*** Opening of Data block ***
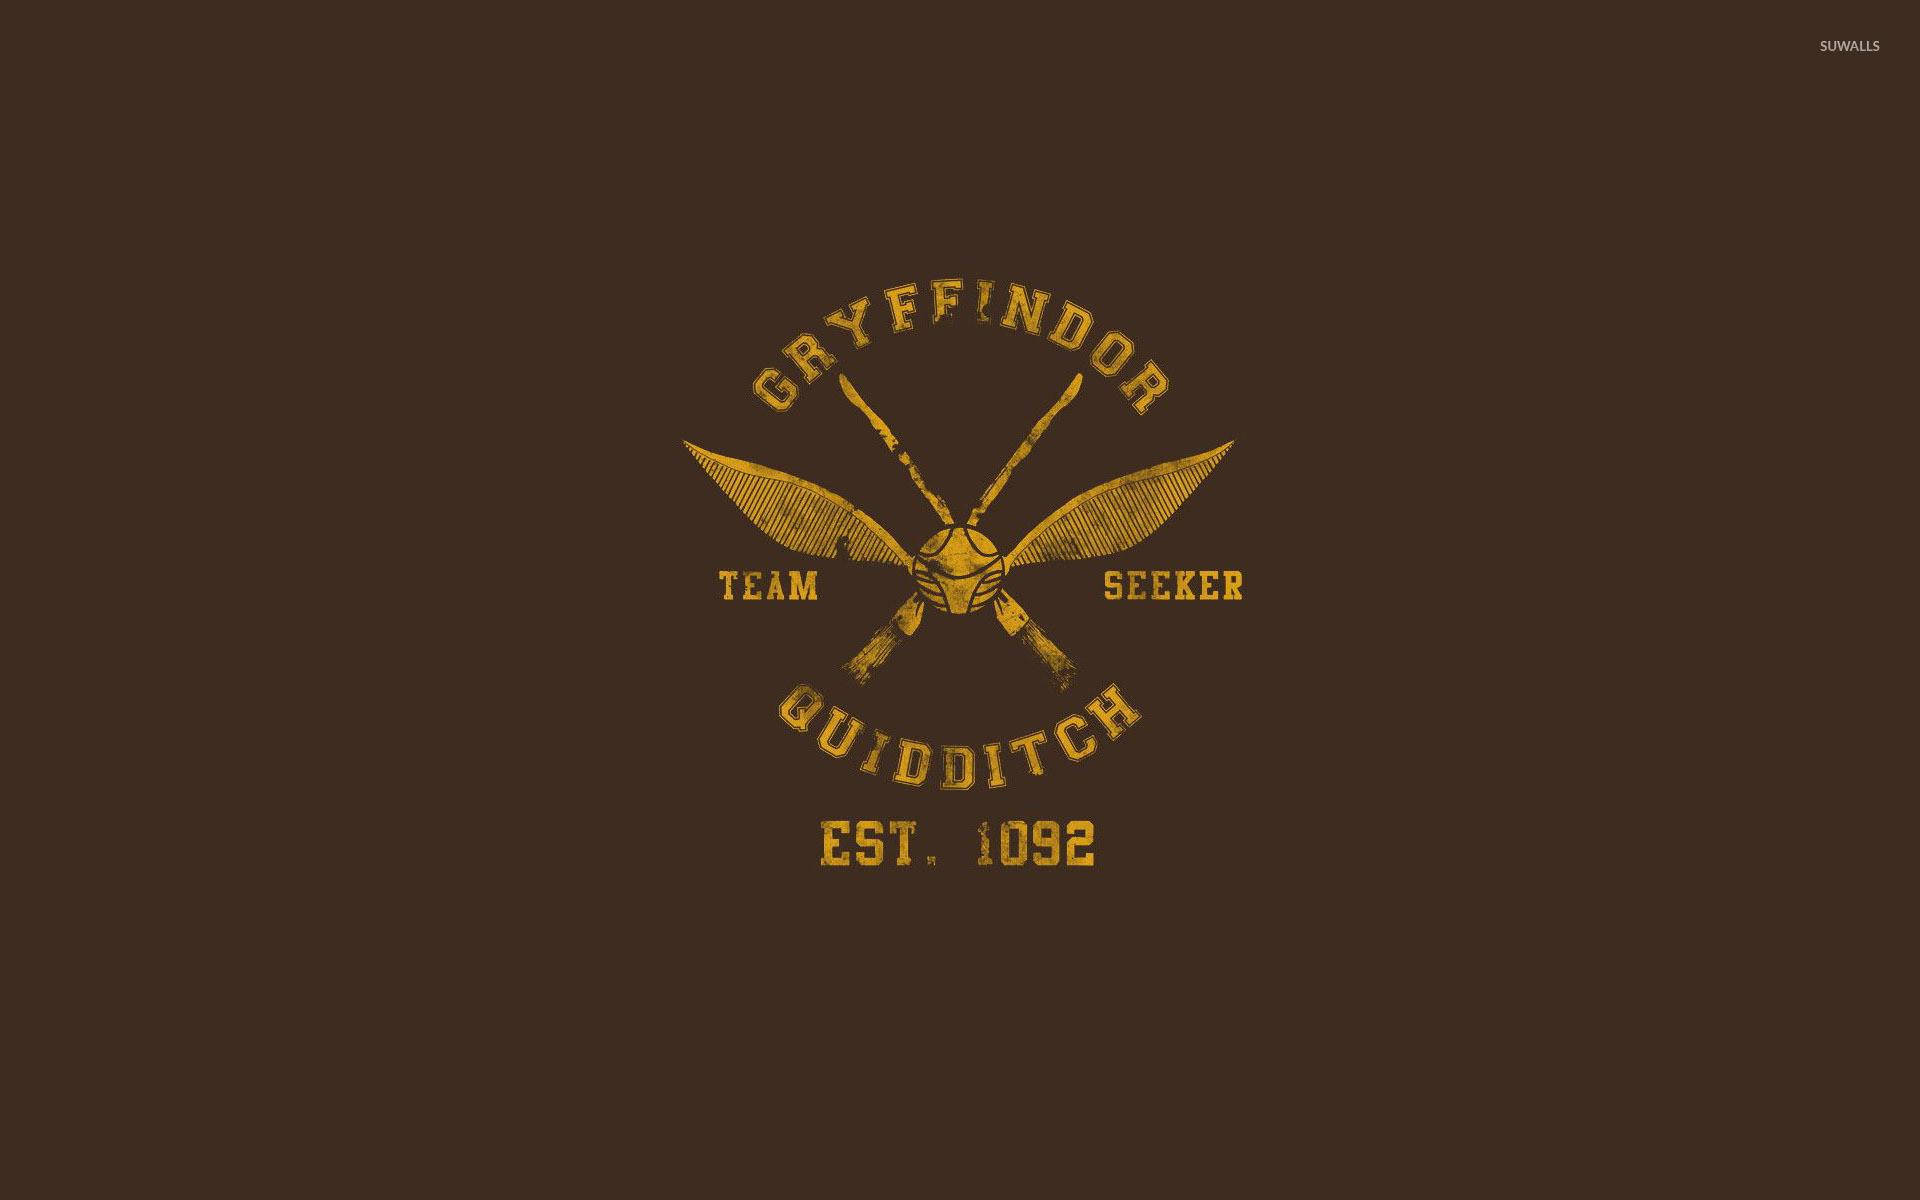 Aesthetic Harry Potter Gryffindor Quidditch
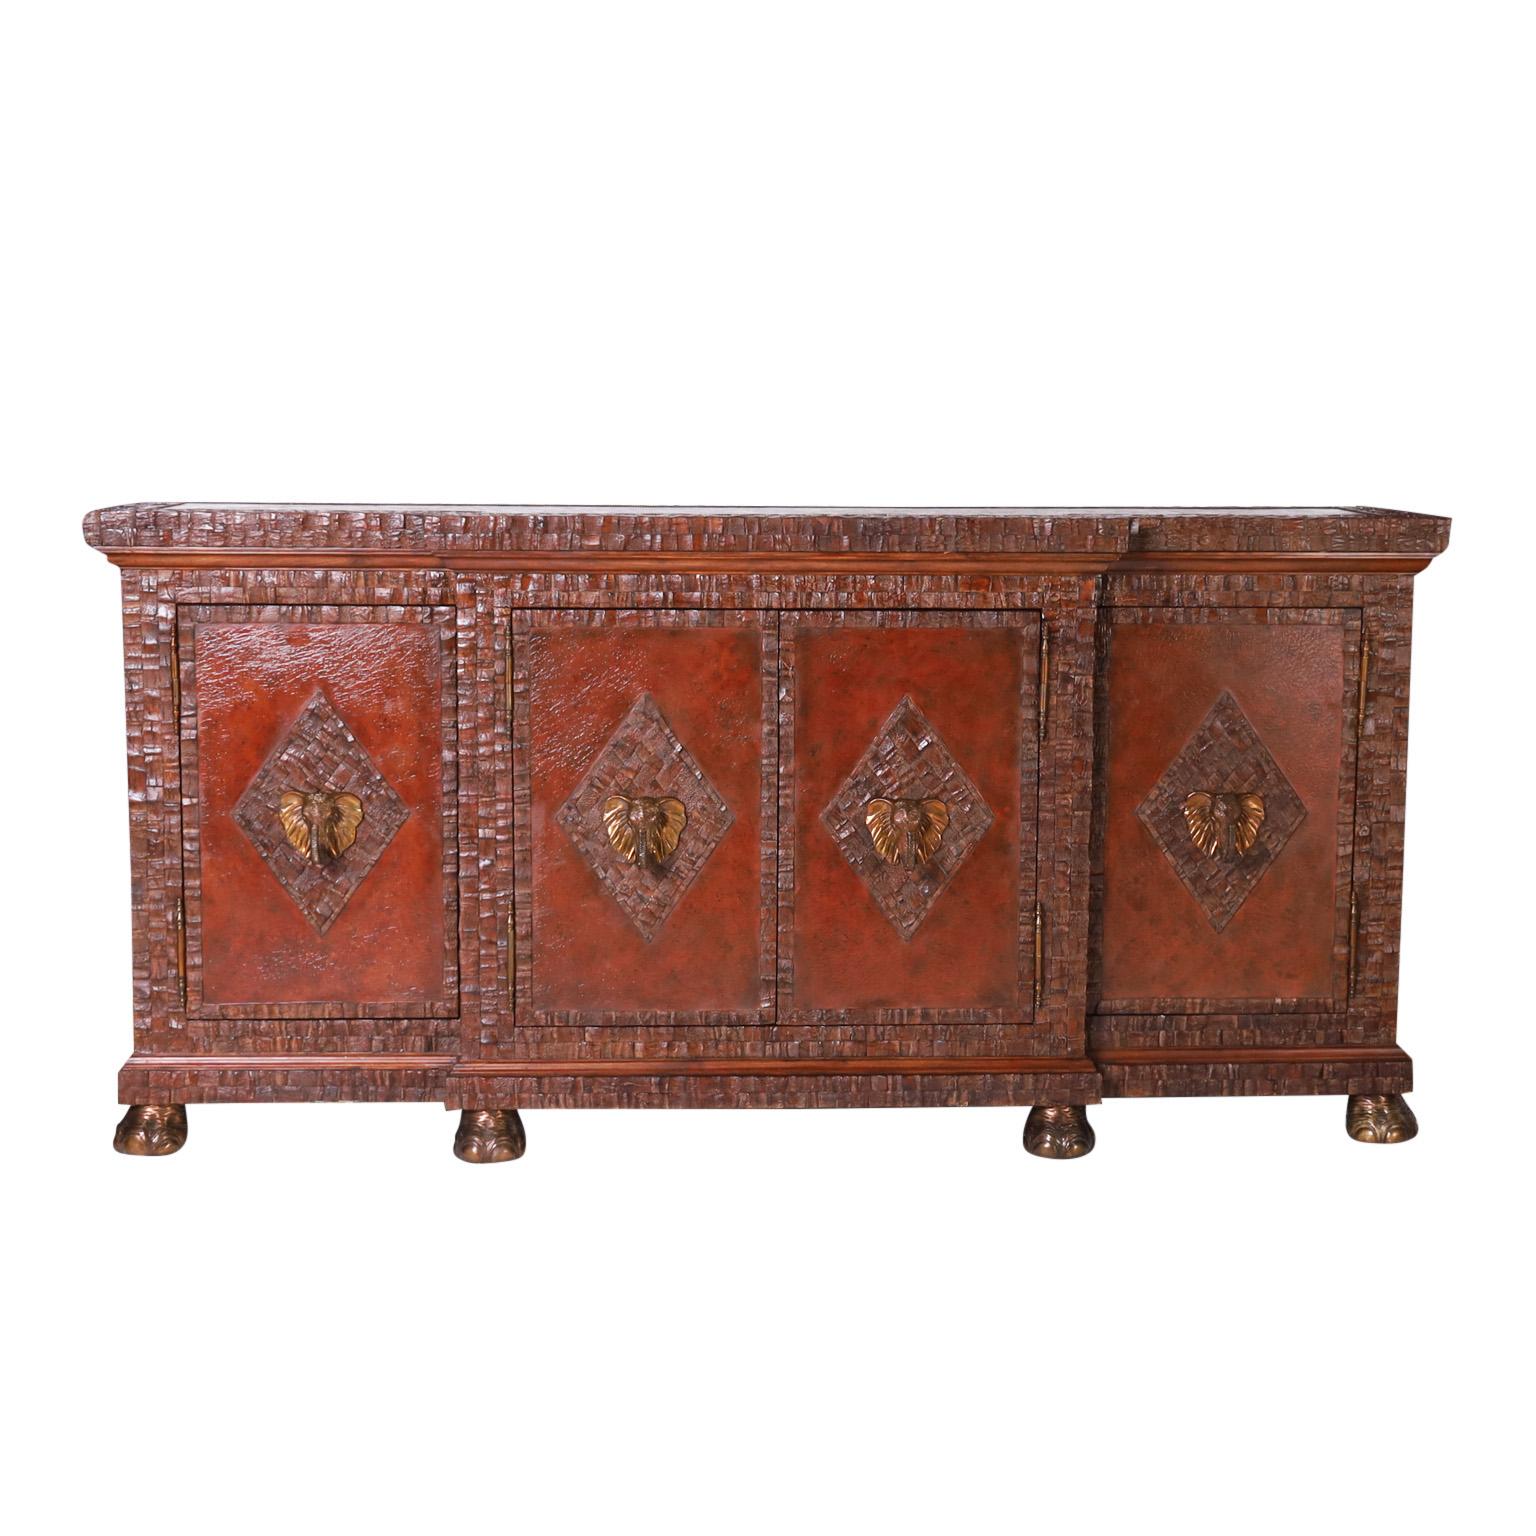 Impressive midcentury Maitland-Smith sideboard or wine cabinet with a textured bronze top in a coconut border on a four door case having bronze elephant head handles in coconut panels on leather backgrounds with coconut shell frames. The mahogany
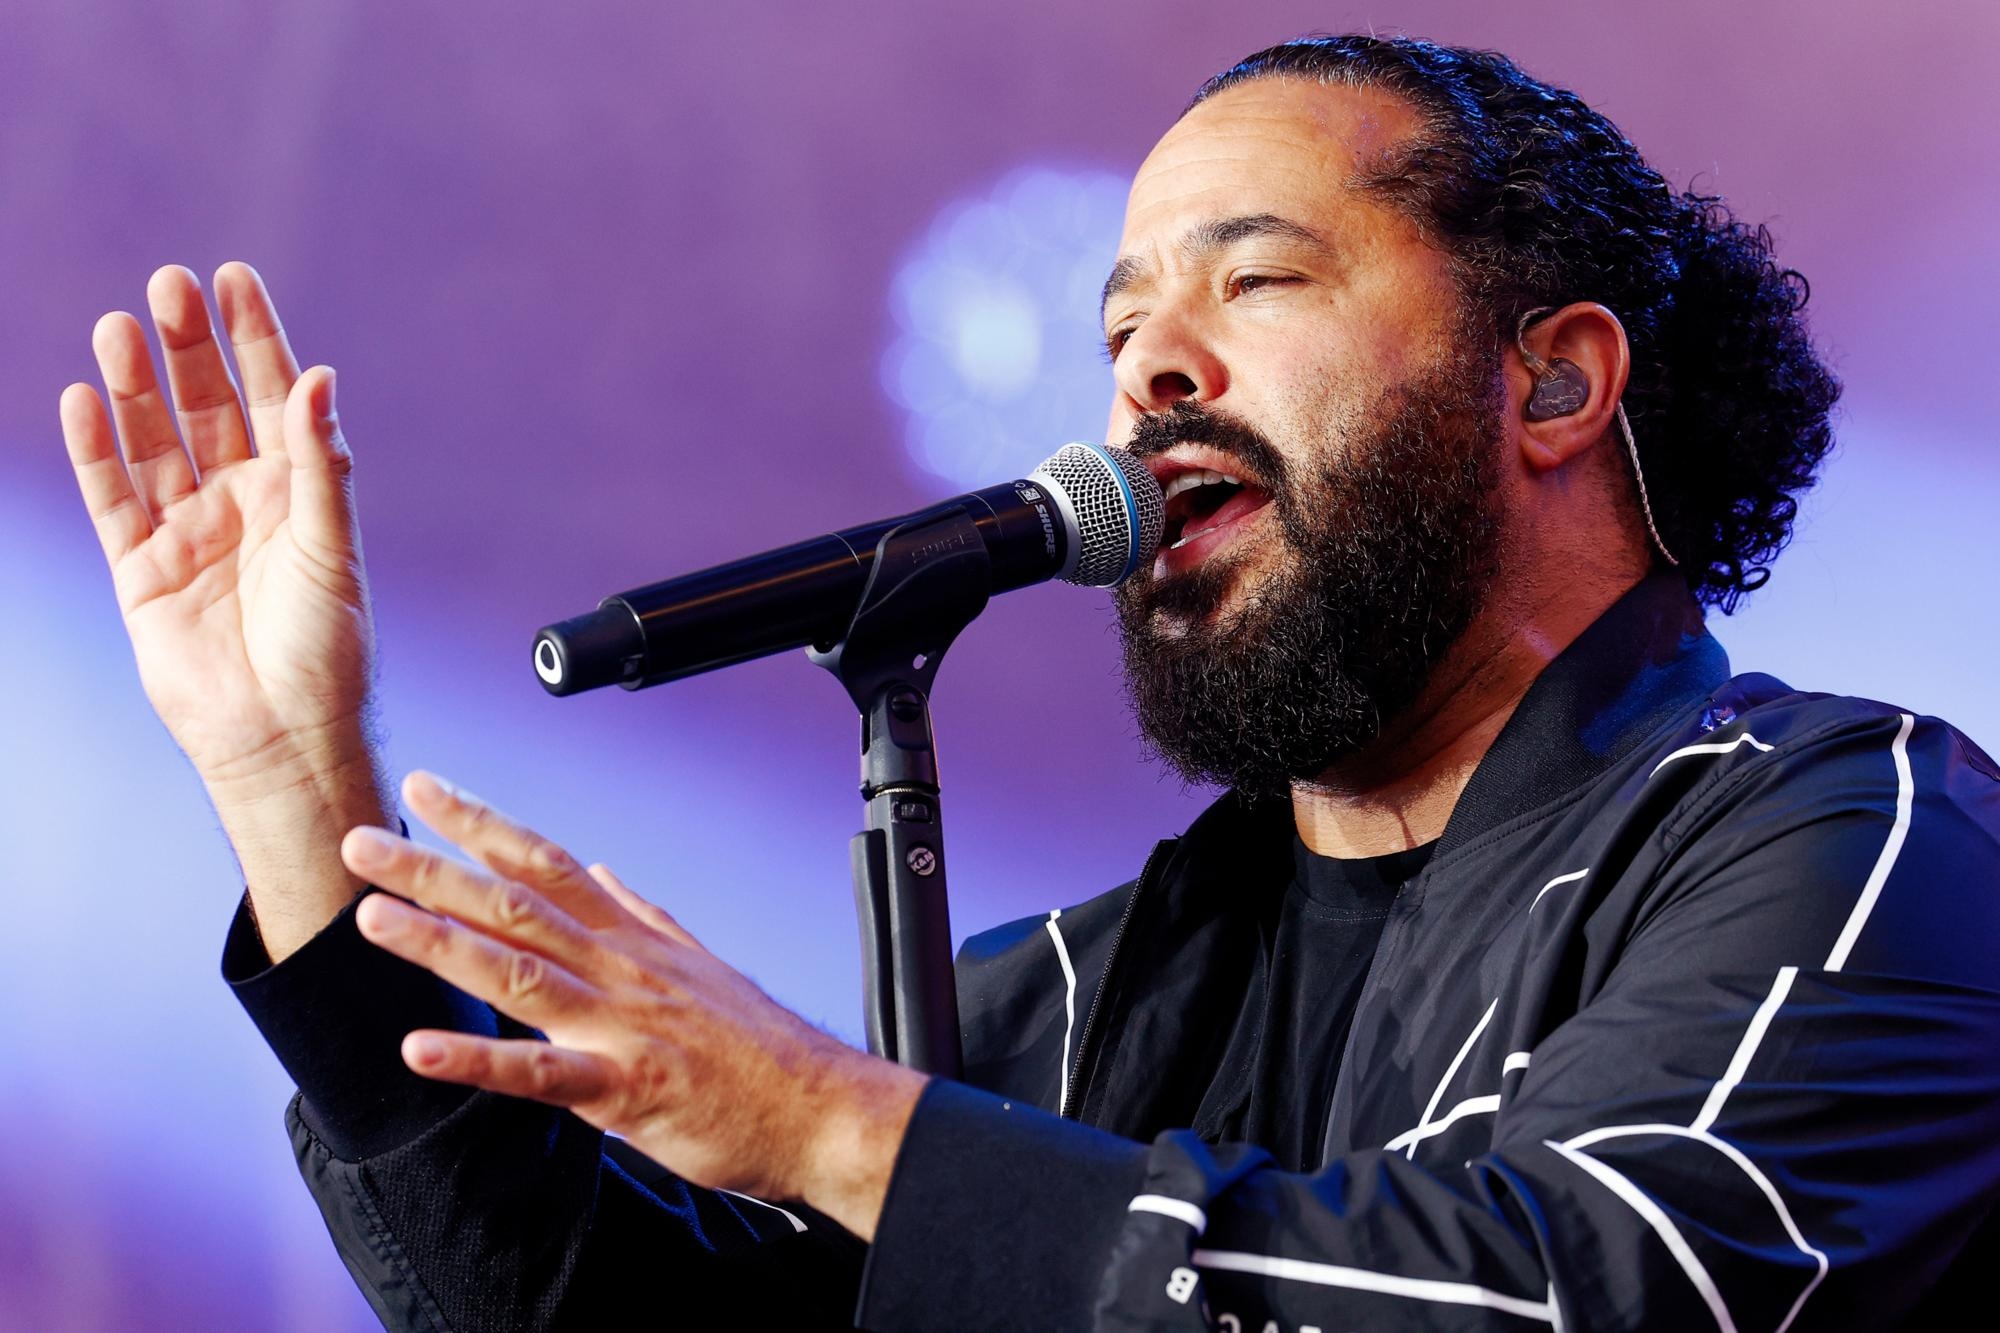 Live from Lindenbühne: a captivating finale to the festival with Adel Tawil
*** Close of Data block ***
__What is being asked__
Pictures aside, return all of the material exactly as written.

__Response for this exercise__
 Aesthetic Harry Potter Gryffindor Quidditch
 Impressive midcentury Maitland-Smith sideboard or wine cabinet with a textured bronze top in a coconut border on a four door case having bronze elephant head handles in coconut panels on leather backgrounds with coconut shell frames. The mahogany
 Live from Lindenbühne: a captivating finale to the festival with Adel Tawil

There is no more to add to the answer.